While Vodafone's second quarter results have been lightly praised as an indication of recovery, the small increase in European services revenues was significantly helped by a 23 per cent rise in data revenues.
Although Vodafone accountants were rightly pleased to report this upsurge in data traffic, the company's UK CTO, Jeni Mundy, warned about the impact this smartphone-generated traffic was having on its network.
Pointing to sophisticated handsets such as the iPhone, Mundy said these devices were introducing a much higher level of signalling overhead, where the product was continually polling the network even when there was no user activity.
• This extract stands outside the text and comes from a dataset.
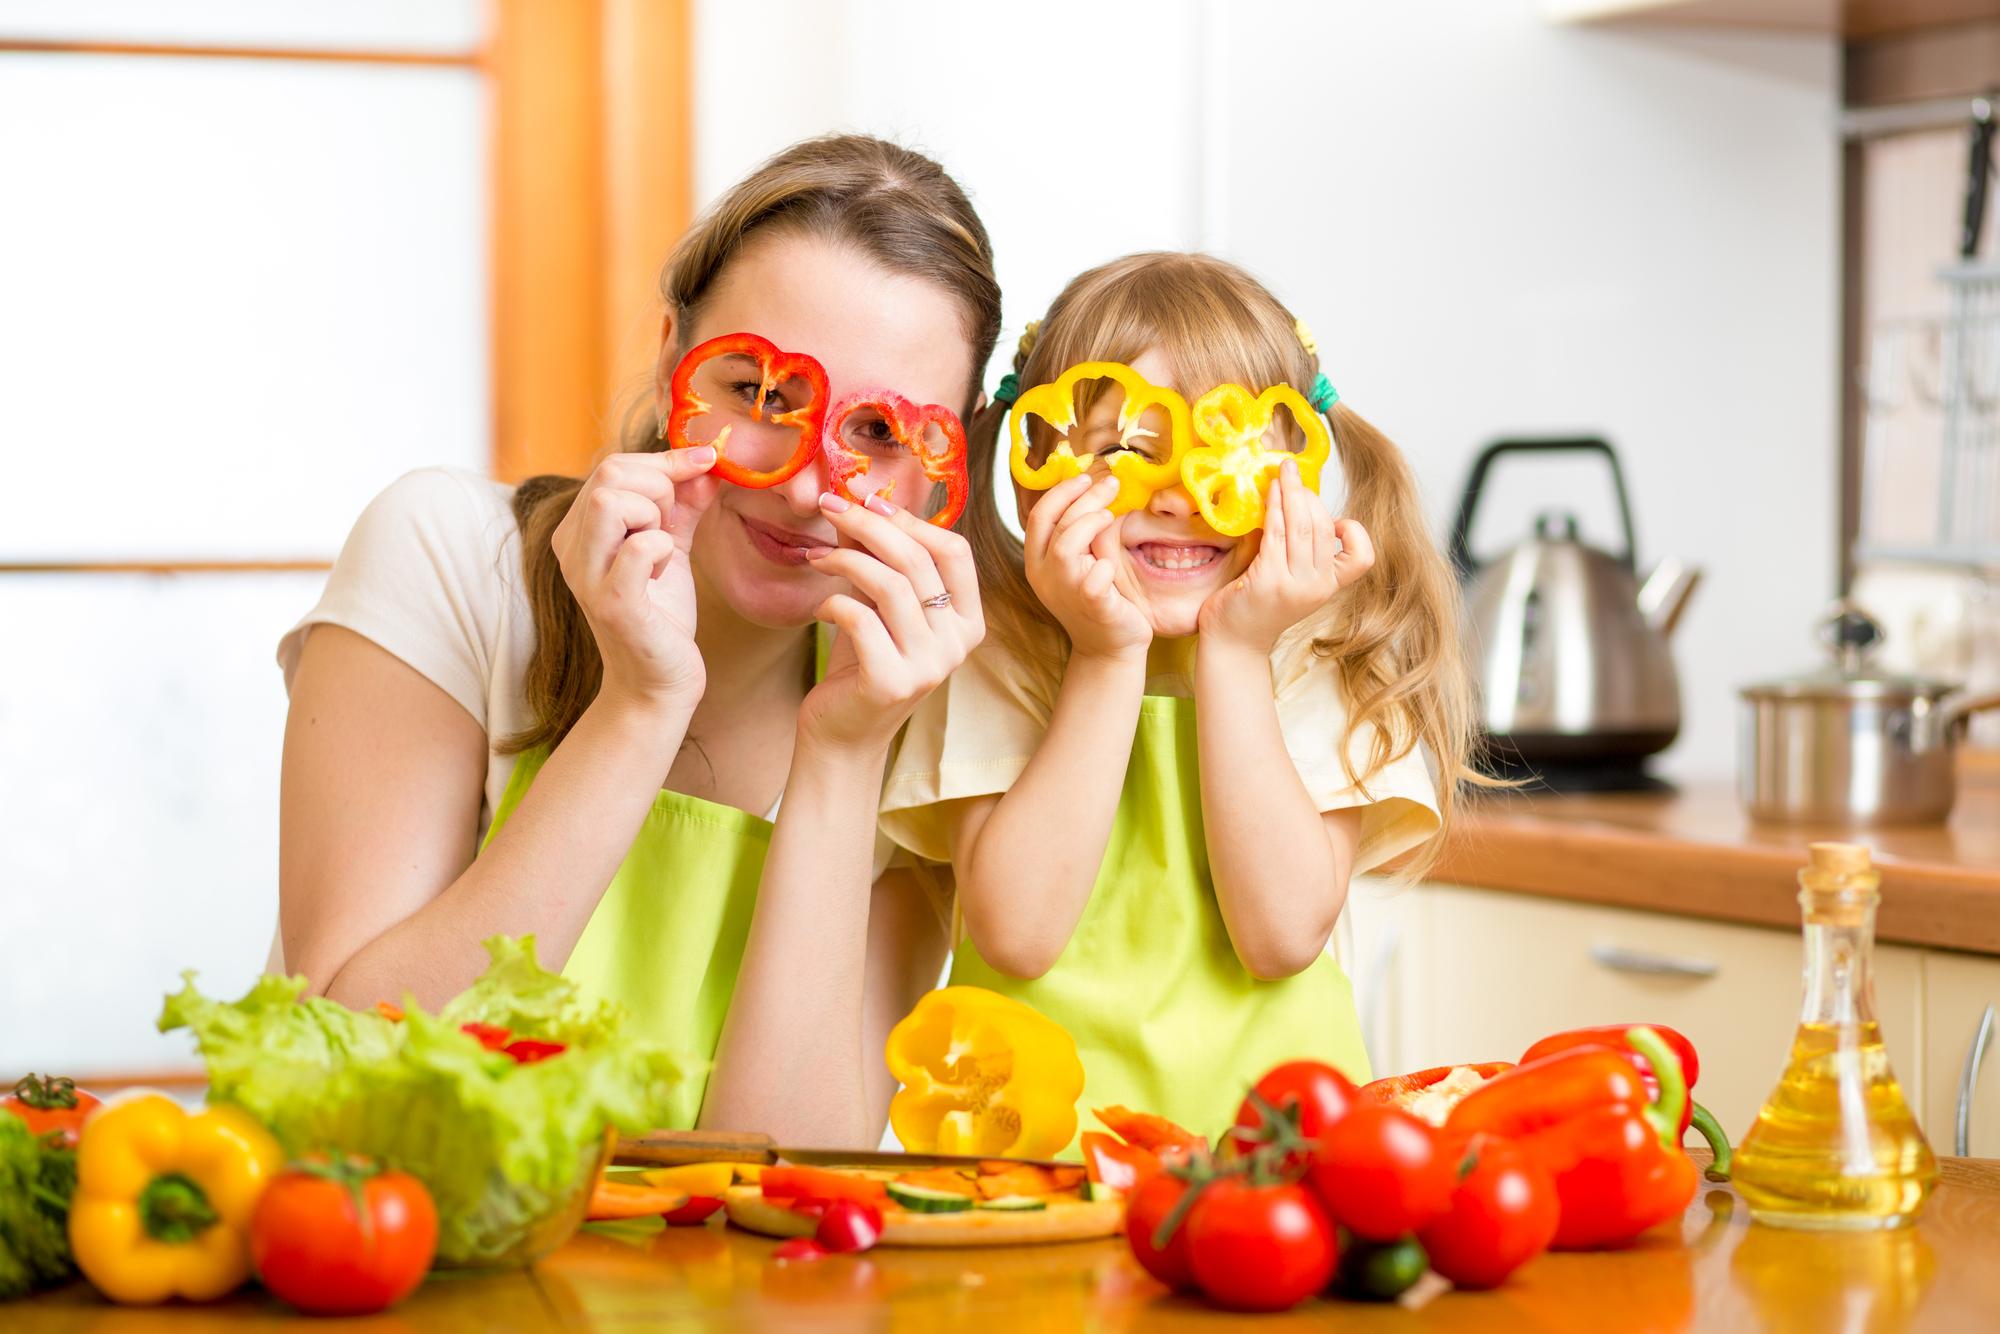 Как готовить овощи, чтобы сохранить их пользу: советы диетолога

But what seems to concern the CTO more was the adoption rate of this device category.
According to Vodafone, it expects smartphone usage on its network to rise from 20 per cent last year to 50 per cent in 2011.
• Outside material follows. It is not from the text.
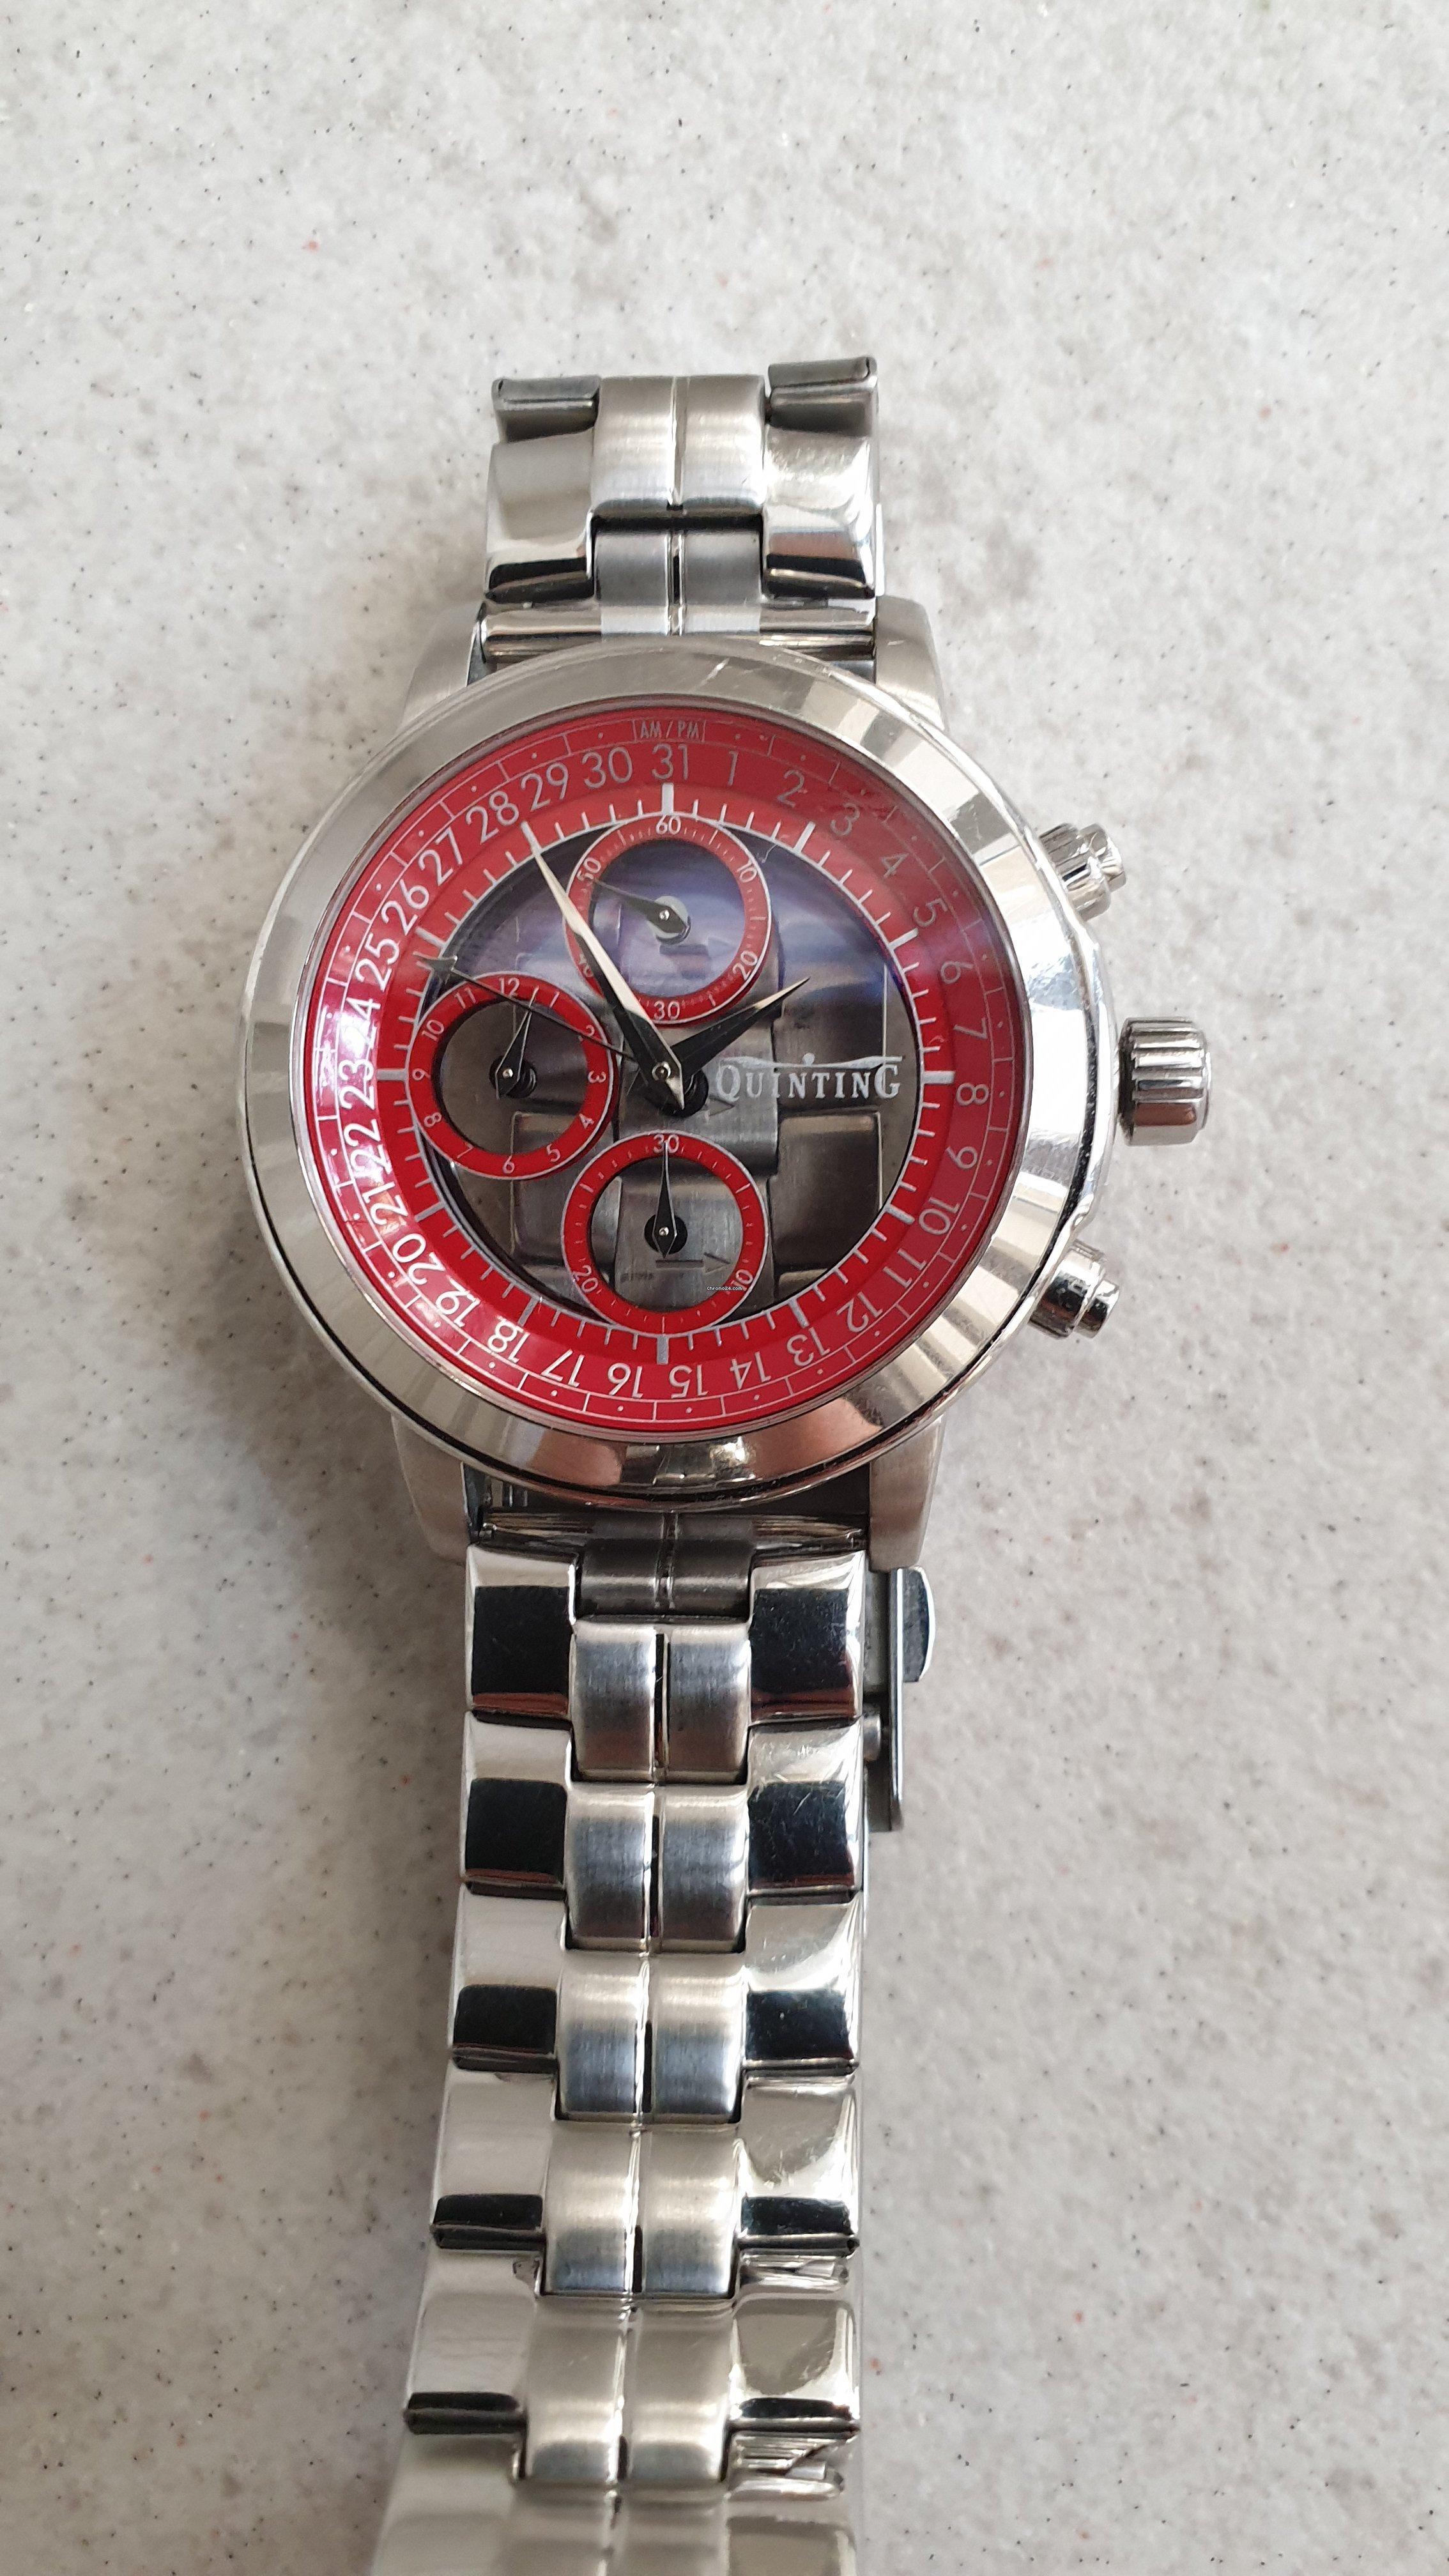 Часы стоимость quinting часов скупка швейцарским

Attempting to plan for this usage level is difficult, warns Mundy, and even when data transfer has been factored into dimensioning the network with regard to processor loads, the network can still struggle to cope.
"This is a problem that mobile network operators did not have to worry about in the past," said Mundy. "We work closely with device manufacturers to try to make sure their devices work optimally on our network," adding that she hoped Apple's Steve Jobs was listening to these operator concerns.
The company stated in its second quarter results that smartphone penetration in Europe was now over 14 per cent, with around 35 per cent of its European customers considered to be using a data product. Of note was that over 50 per cent of its smartphone customers were also reported to be buying additional data plans.